Top of DATASET EXCERPTS

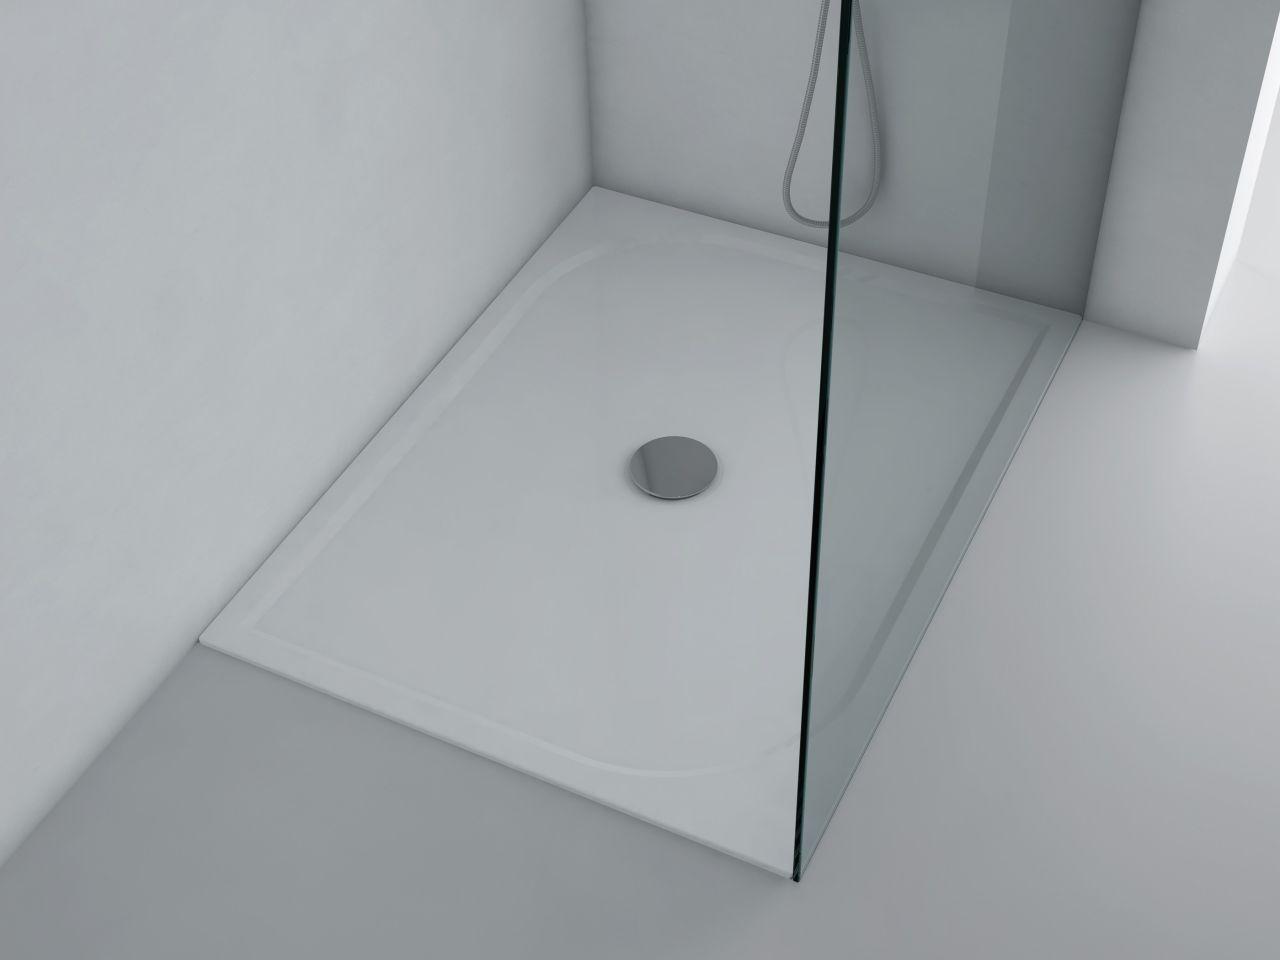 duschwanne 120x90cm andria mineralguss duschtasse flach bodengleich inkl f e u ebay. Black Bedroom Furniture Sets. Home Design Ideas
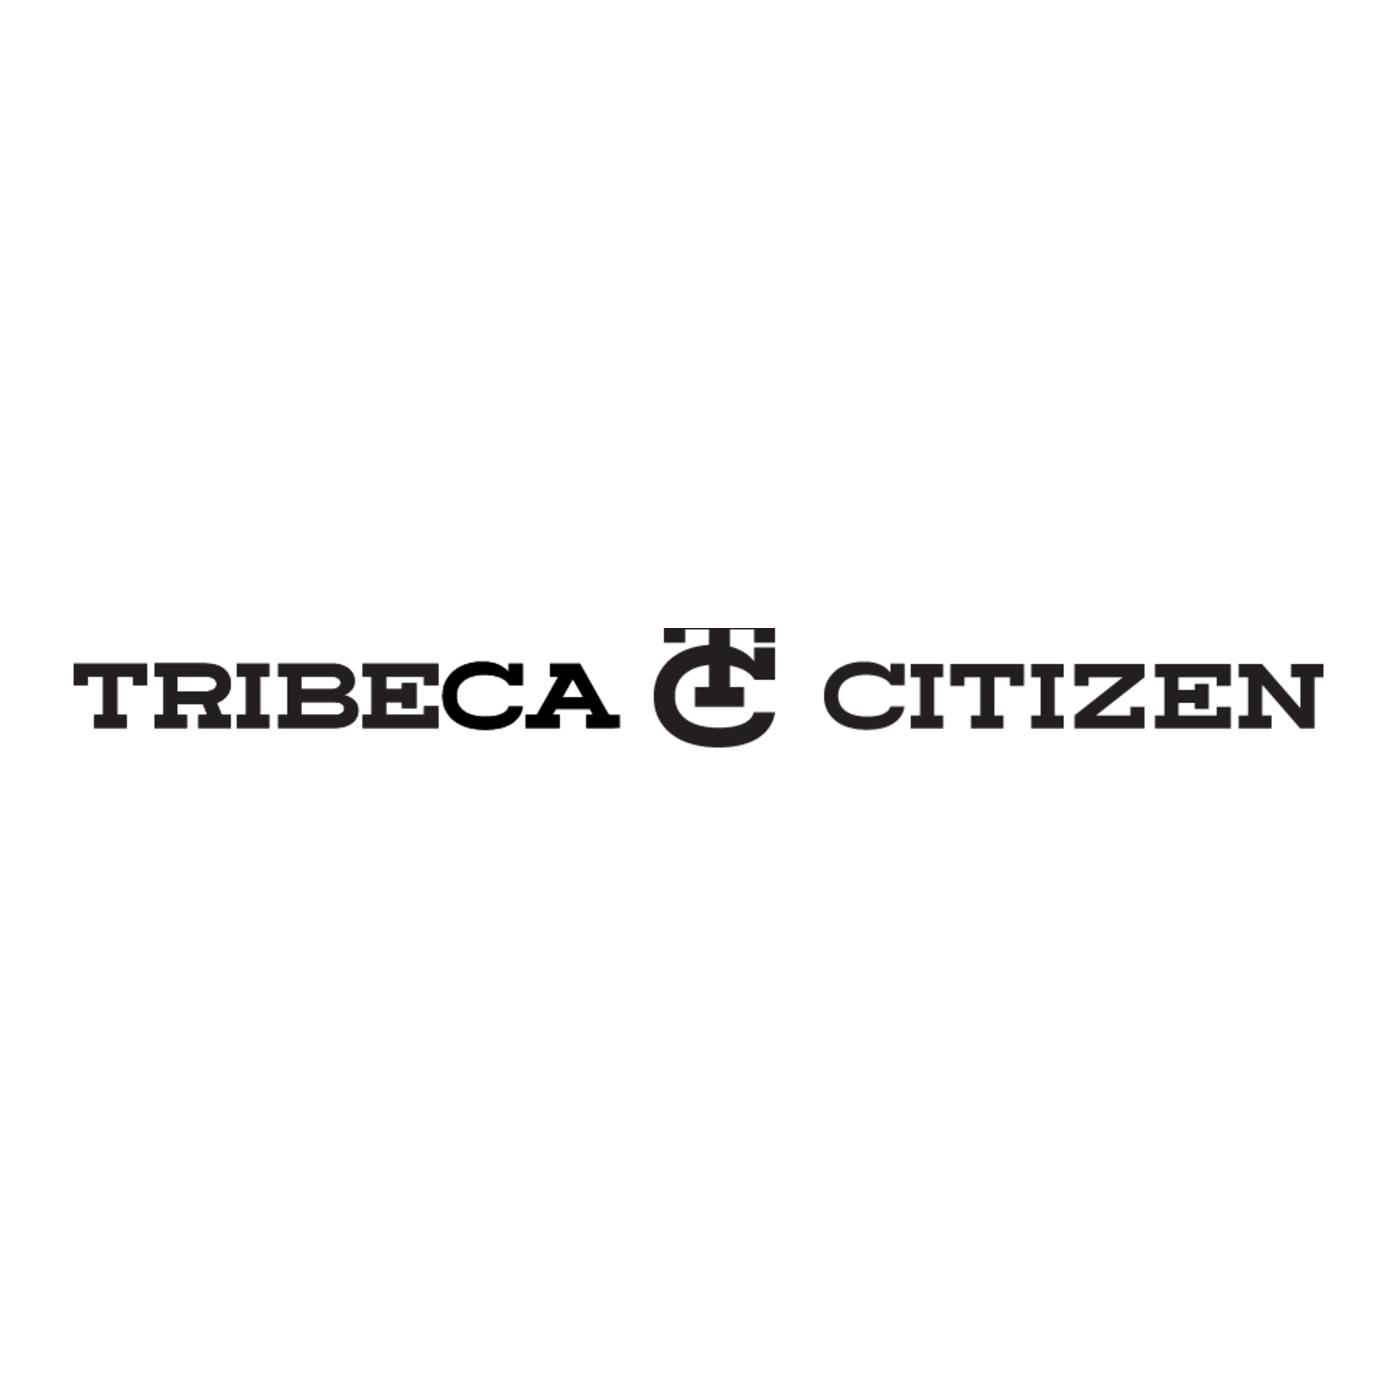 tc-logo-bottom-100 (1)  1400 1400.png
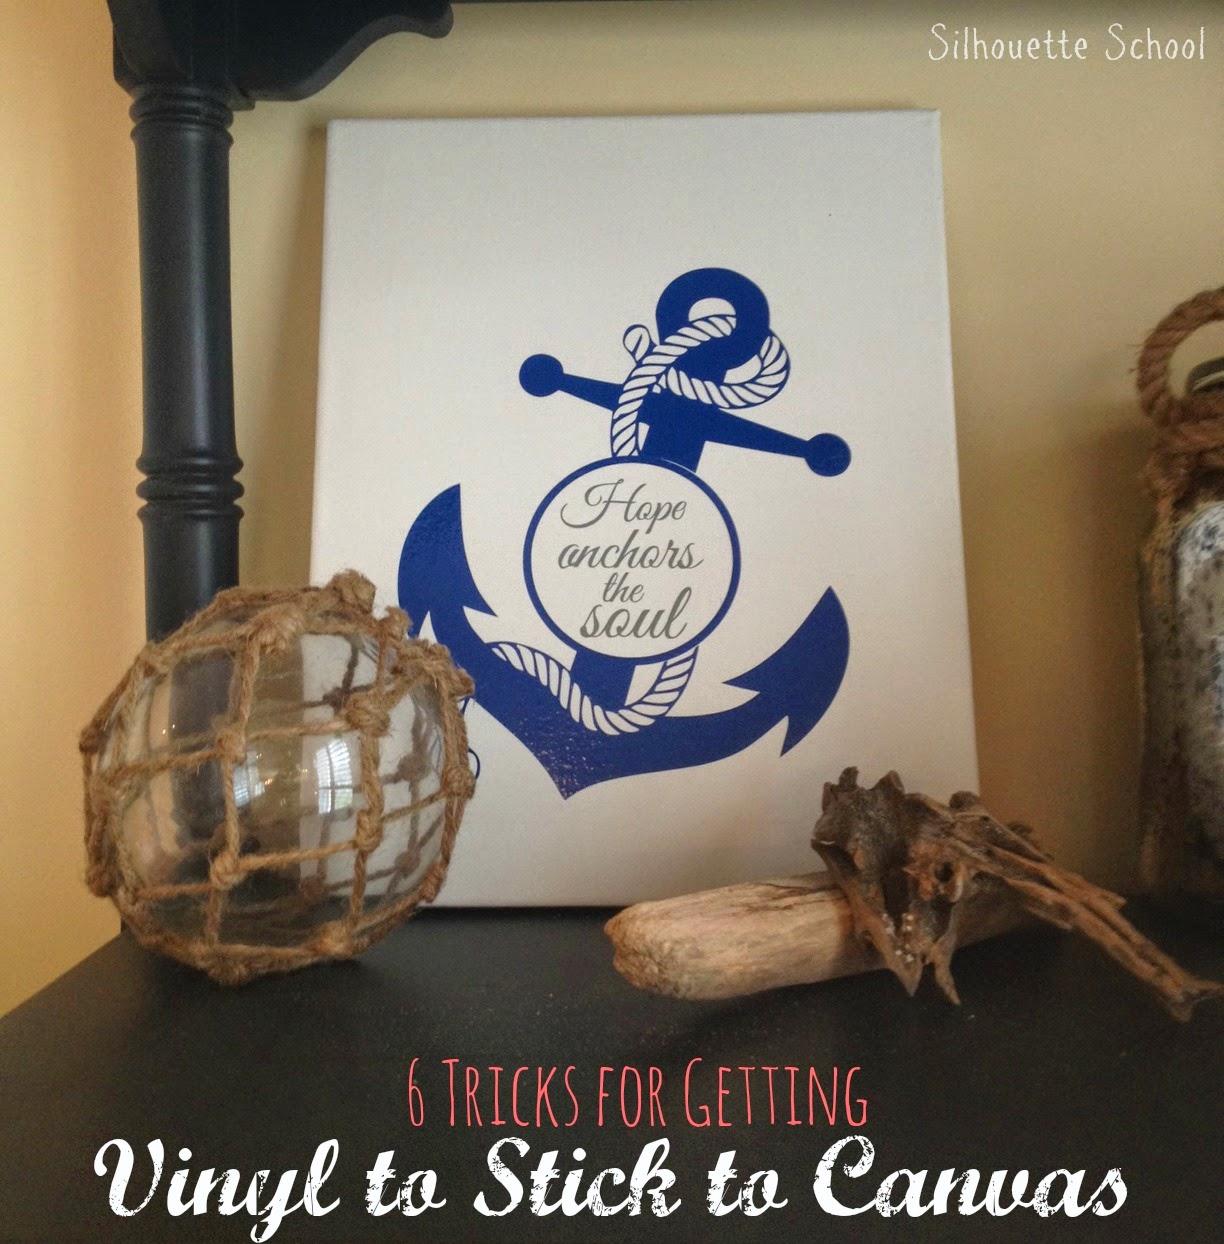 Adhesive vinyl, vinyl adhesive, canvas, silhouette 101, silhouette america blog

Bottom of DATASET EXCERPTS
Top of DATASET EXCERPTS

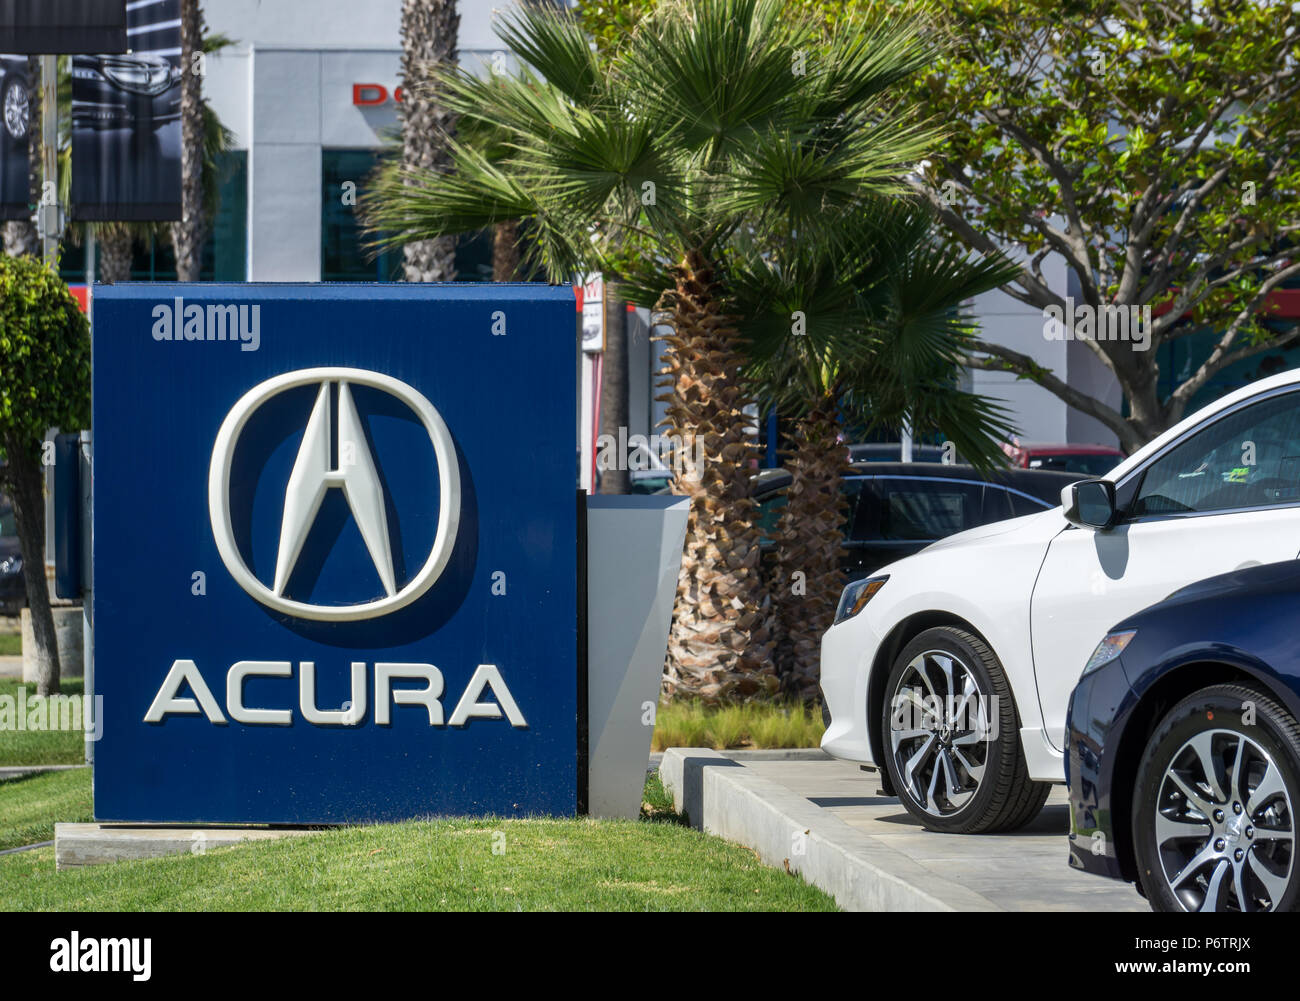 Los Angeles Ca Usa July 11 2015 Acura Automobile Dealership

Bottom of DATASET EXCERPTS
Top of DATASET EXCERPTS

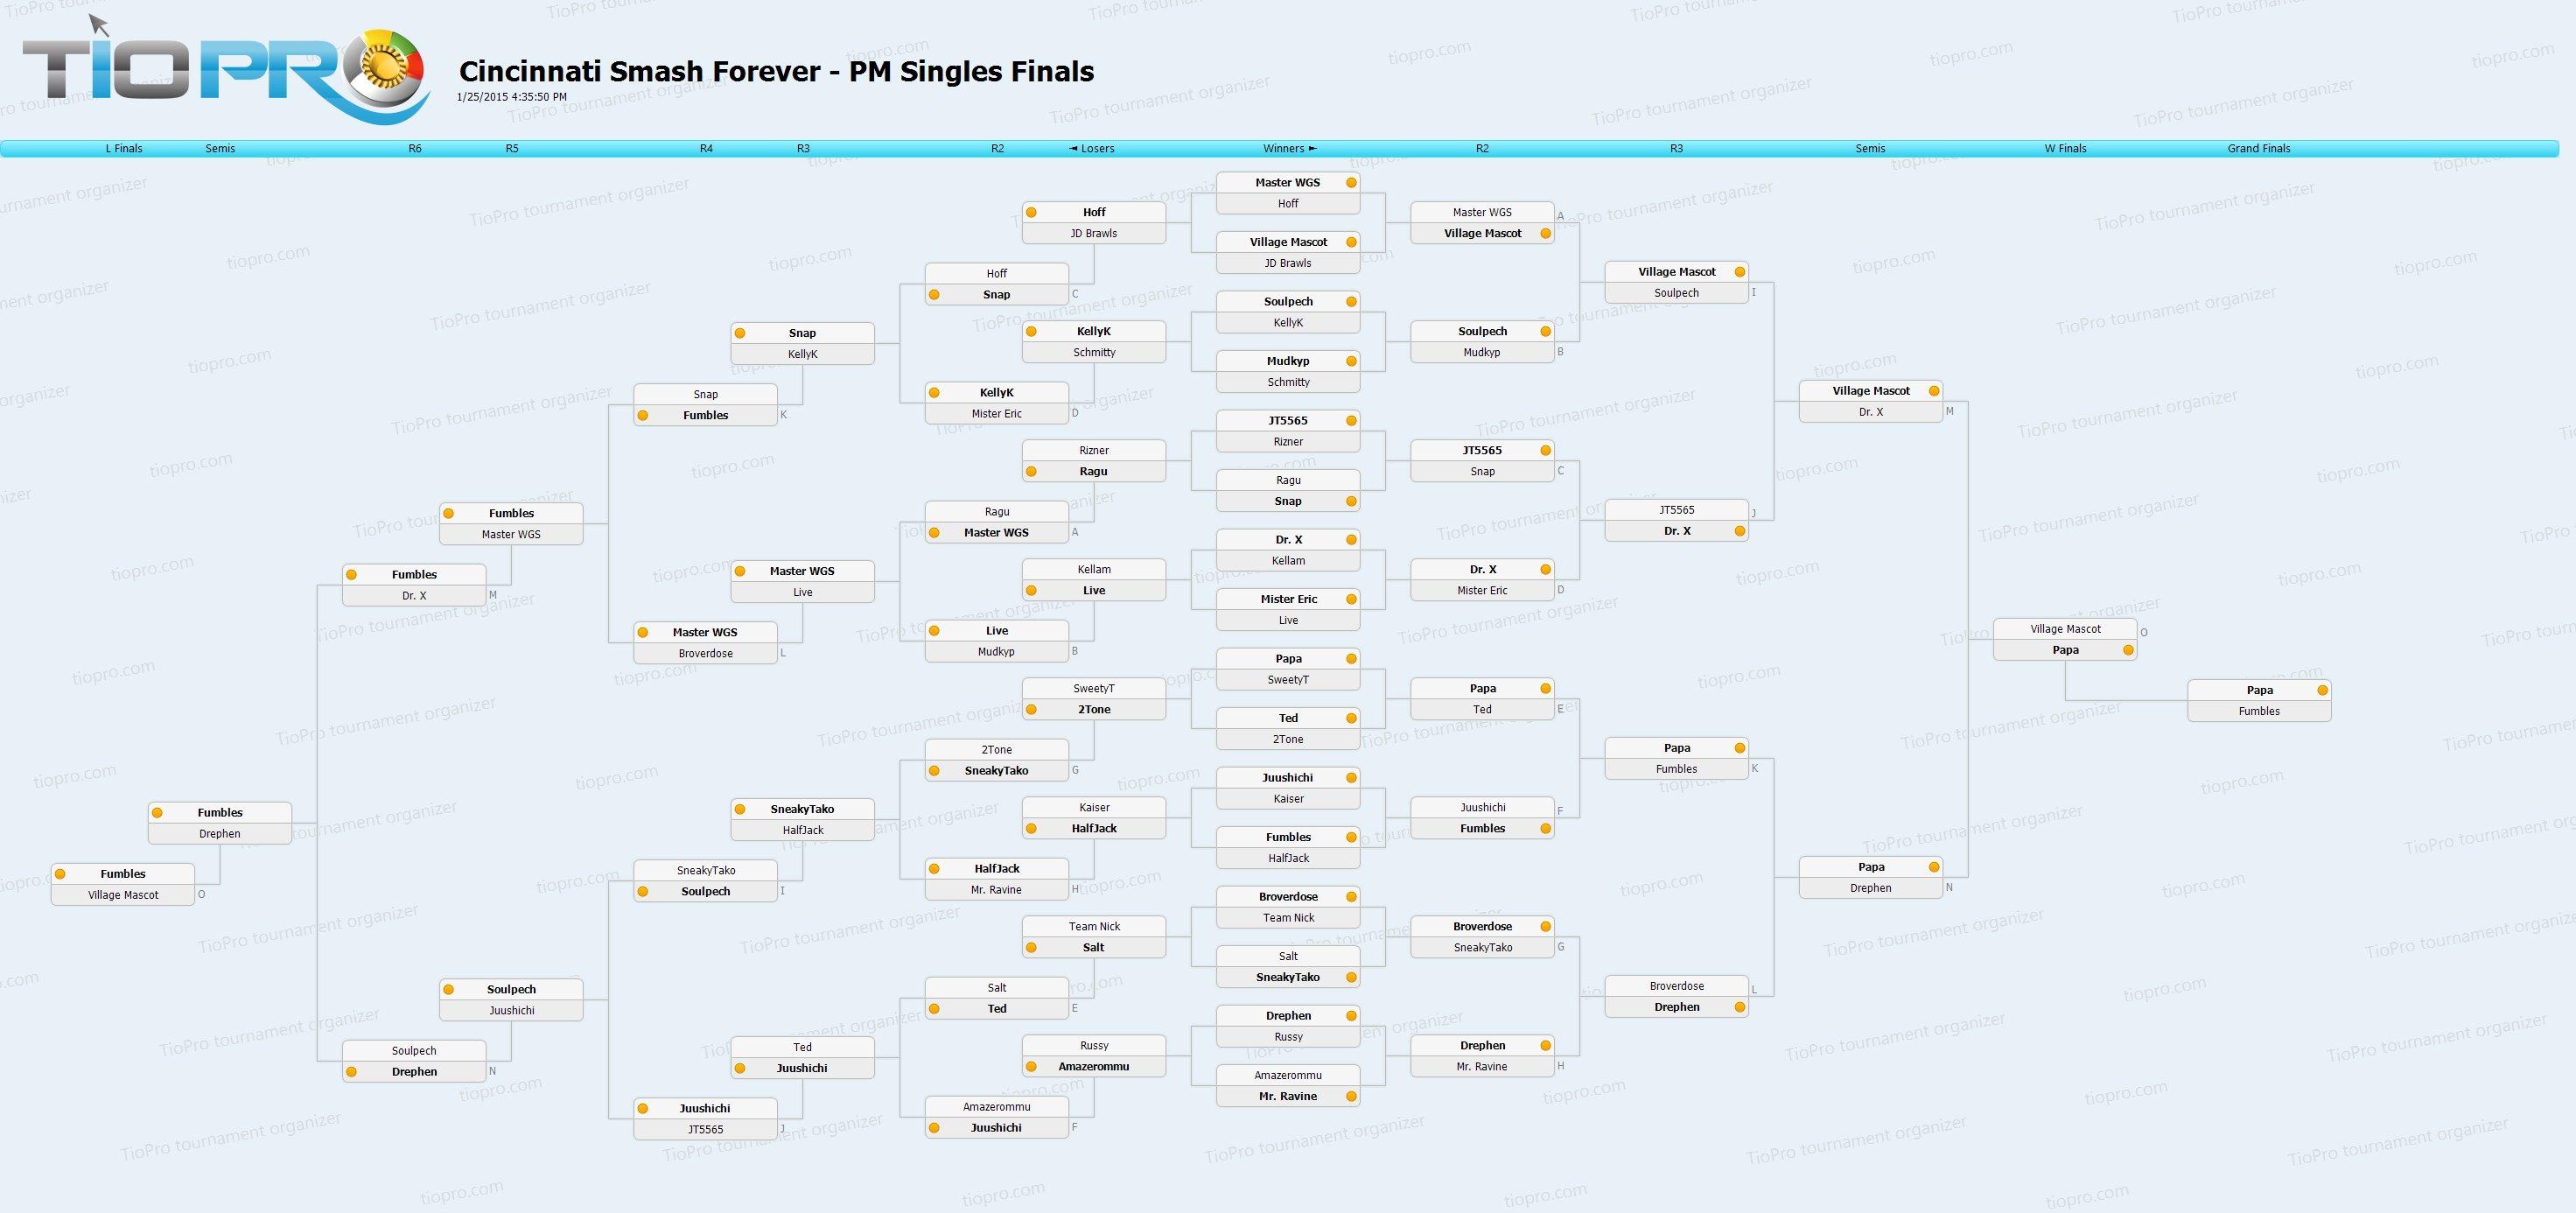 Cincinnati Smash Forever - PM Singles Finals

Bottom of DATASET EXCERPTS

[EXERCISE] Beginning at the line above that contains "duschwanne 120x90cm andria", repeat each line exactly through the one that contains "Adhesive vinyl, vinyl", and leave out the pictures.

[EXPECTED ANSWER]
 duschwanne 120x90cm andria mineralguss duschtasse flach bodengleich inkl f e u ebay. Black Bedroom Furniture Sets. Home Design Ideas
 tc-logo-bottom-100 (1)  1400 1400.png
 Adhesive vinyl, vinyl adhesive, canvas, silhouette 101, silhouette america blog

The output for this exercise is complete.